Data entries:
=== Section Start ===

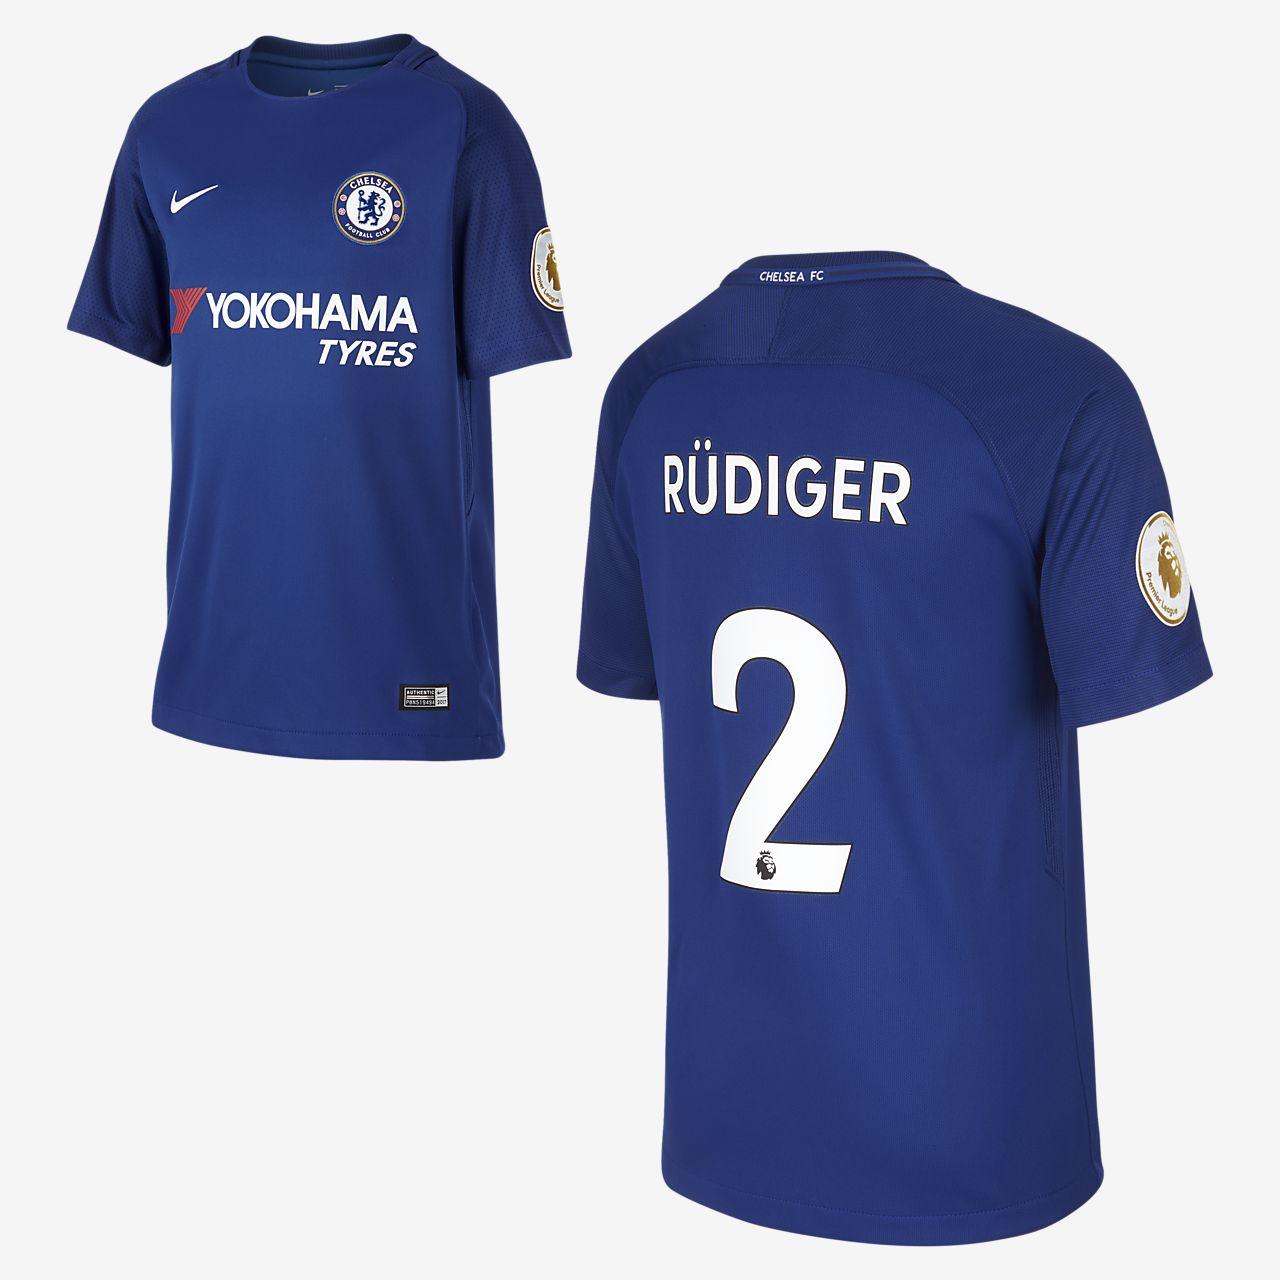 2017/18 Chelsea FC Stadium Home (Antonio Rüdiger) Fußballtrikot für ältere Kinder
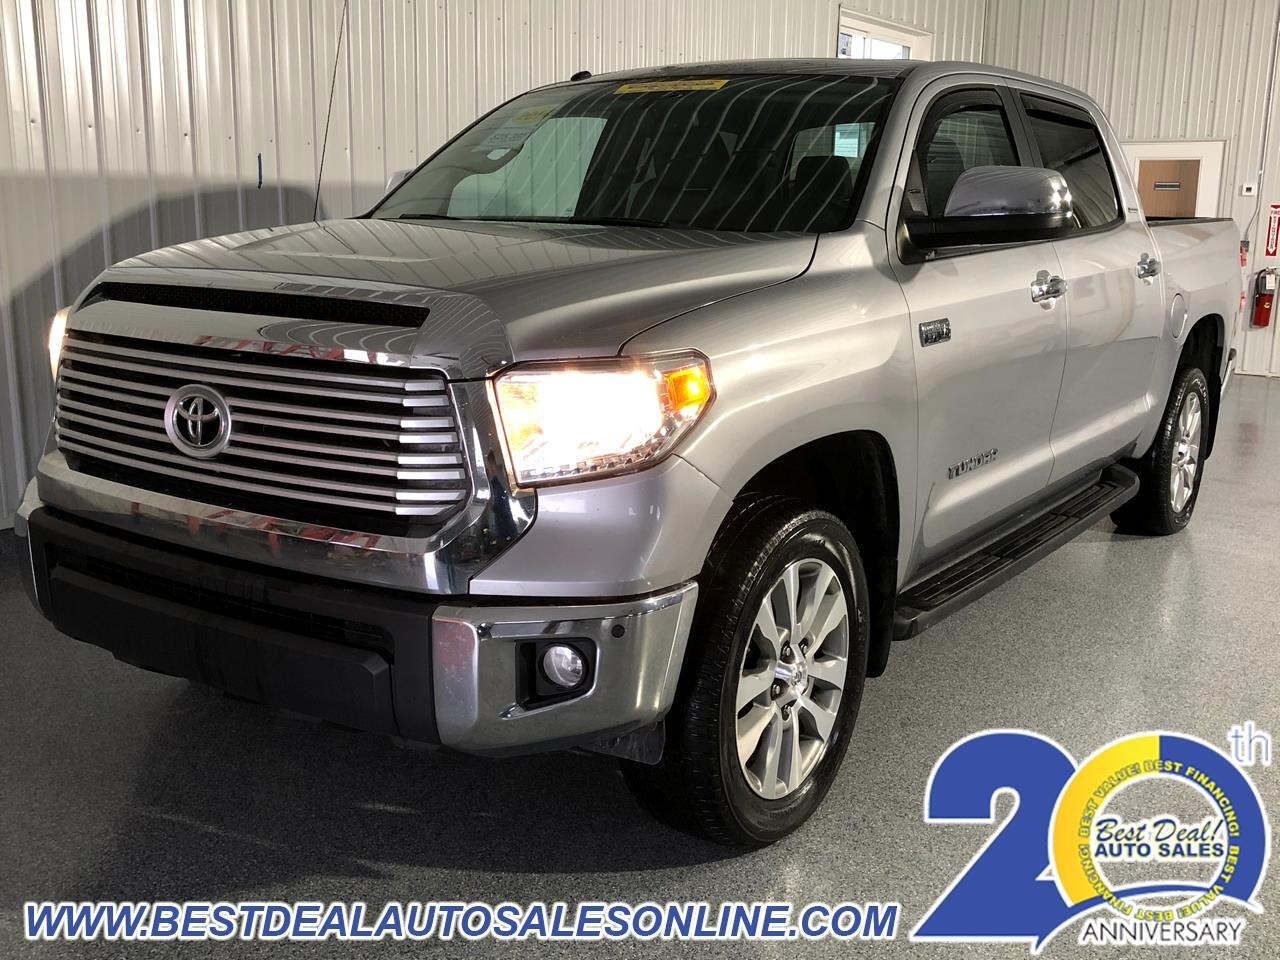 2014 Toyota Tundra Limited V8
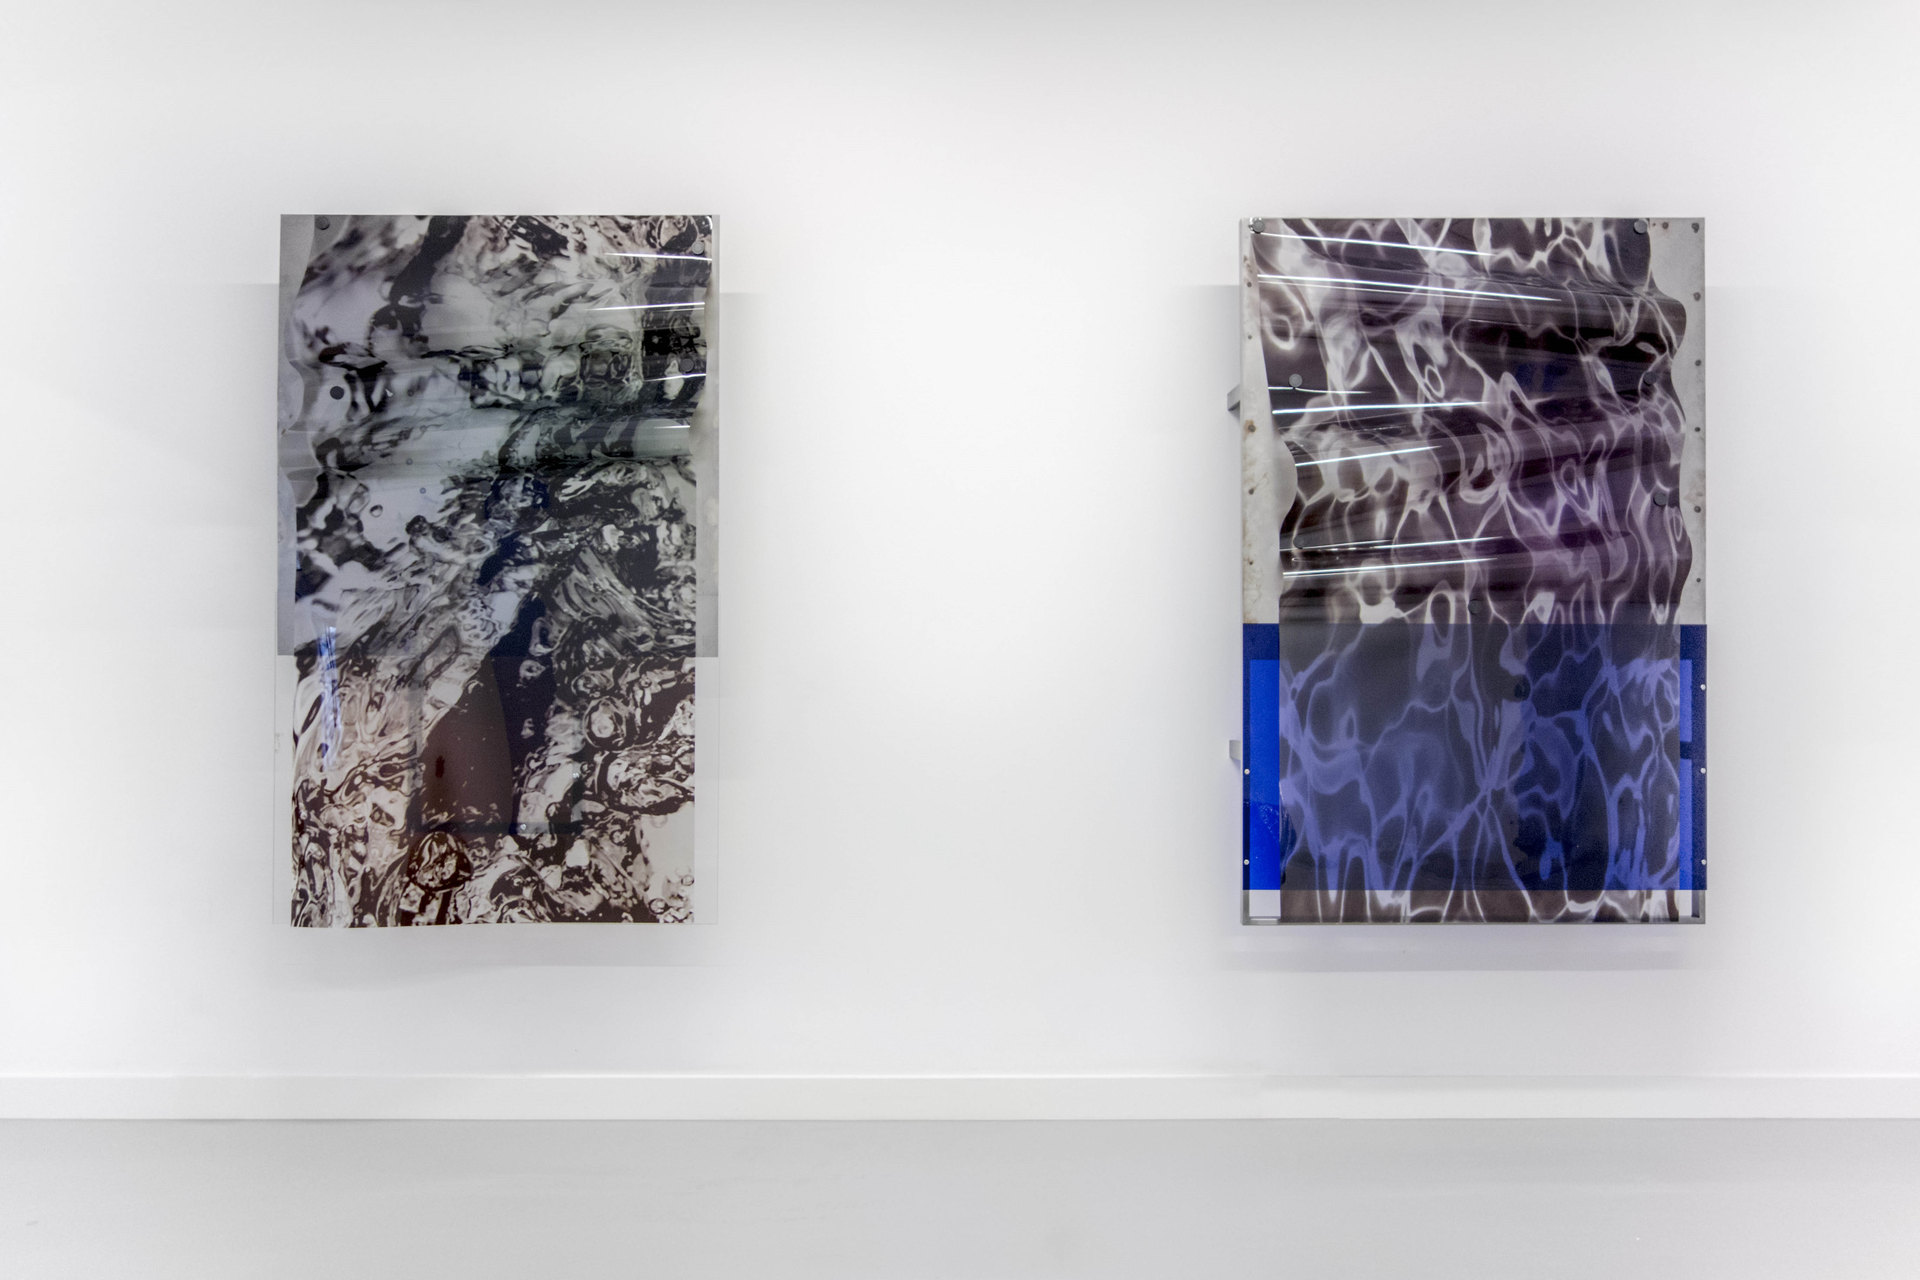 Thomas van Linge, Liquidity (no. 1 & 3), 2015, 160x100x25cm
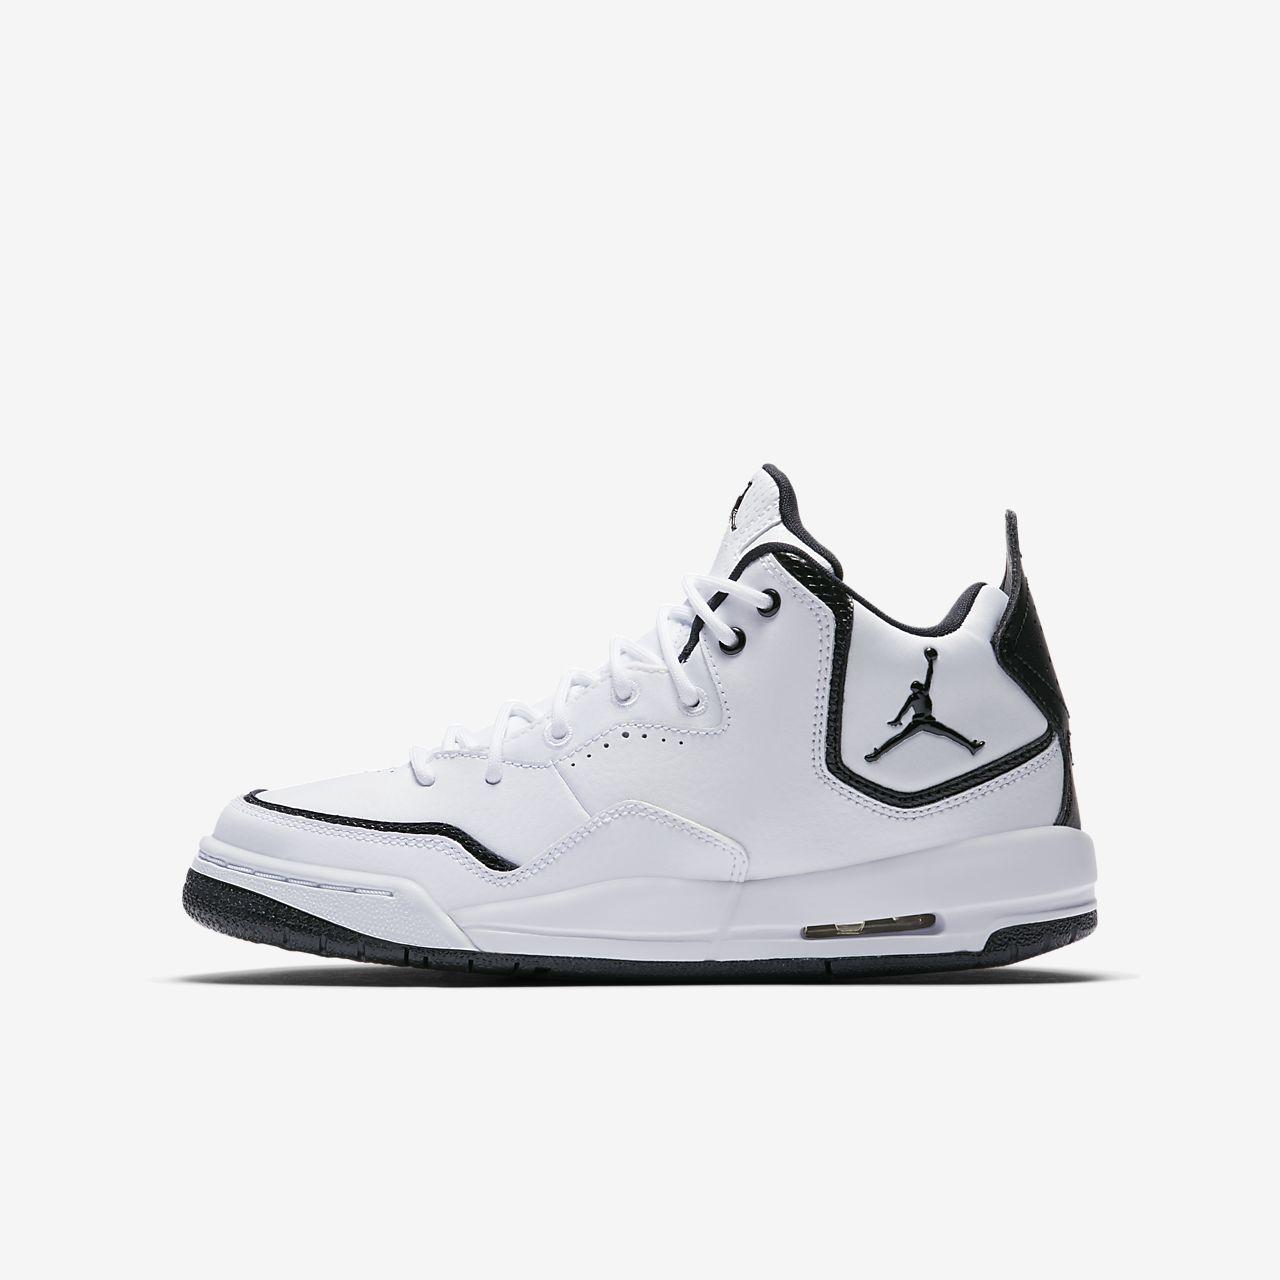 1a08d324653f Jordan Courtside 23 Older Kids  Shoe. Nike.com LU
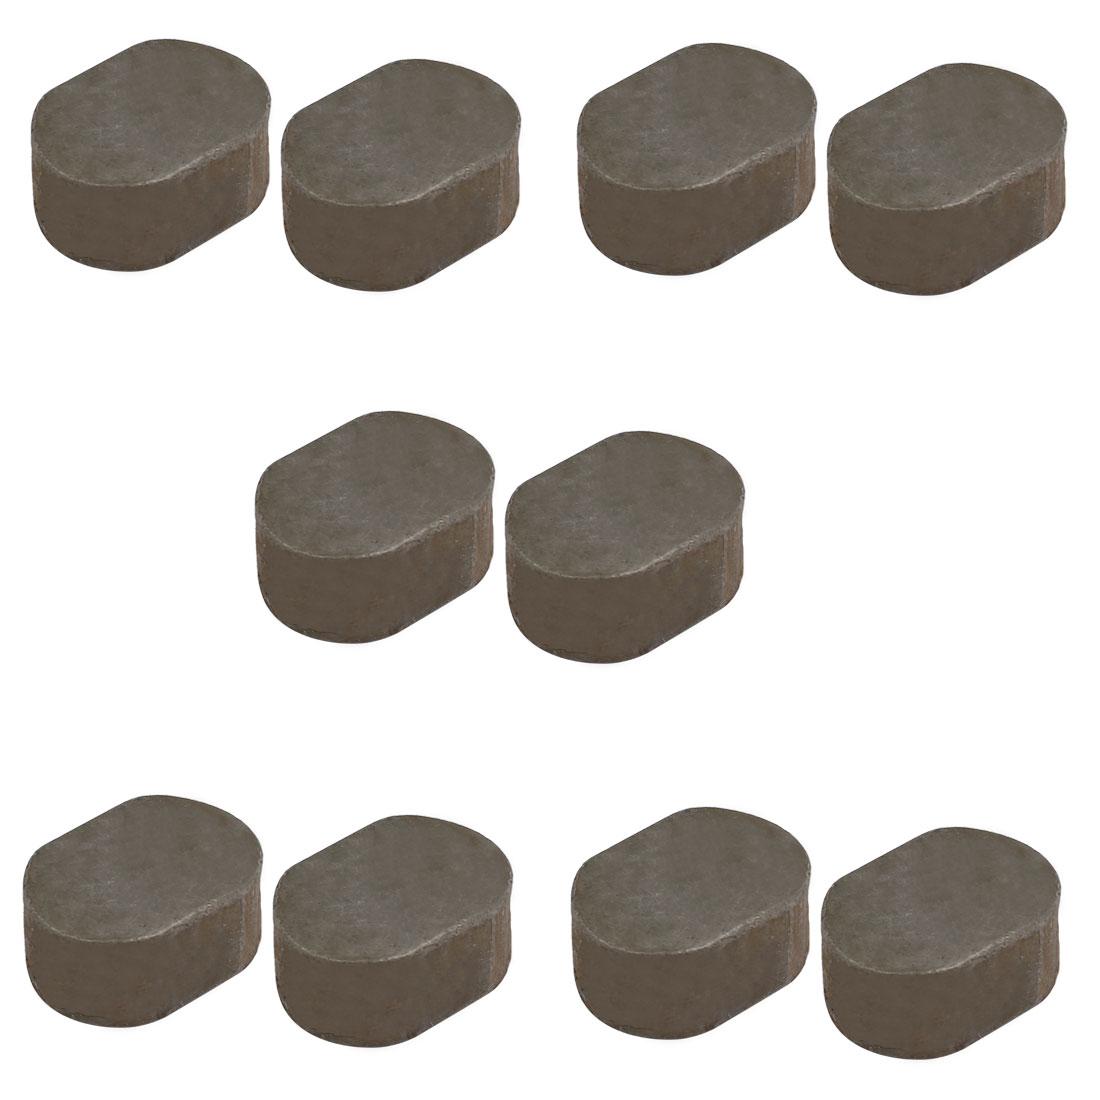 22mmx16mmx10mm Carbon Steel Key Stock To Lock Gears Pulleys 10pcs

=== Section End ===

Goal of the exercise: Give the records a second time exactly, keeping the images out.

Solution to the exercise:
 2017/18 Chelsea FC Stadium Home (Antonio Rüdiger) Fußballtrikot für ältere Kinder
 2014 Toyota Tundra Limited V8
 Thomas van Linge, Liquidity (no. 1 & 3), 2015, 160x100x25cm
 1a08d324653f Jordan Courtside 23 Older Kids  Shoe. Nike.com LU
 22mmx16mmx10mm Carbon Steel Key Stock To Lock Gears Pulleys 10pcs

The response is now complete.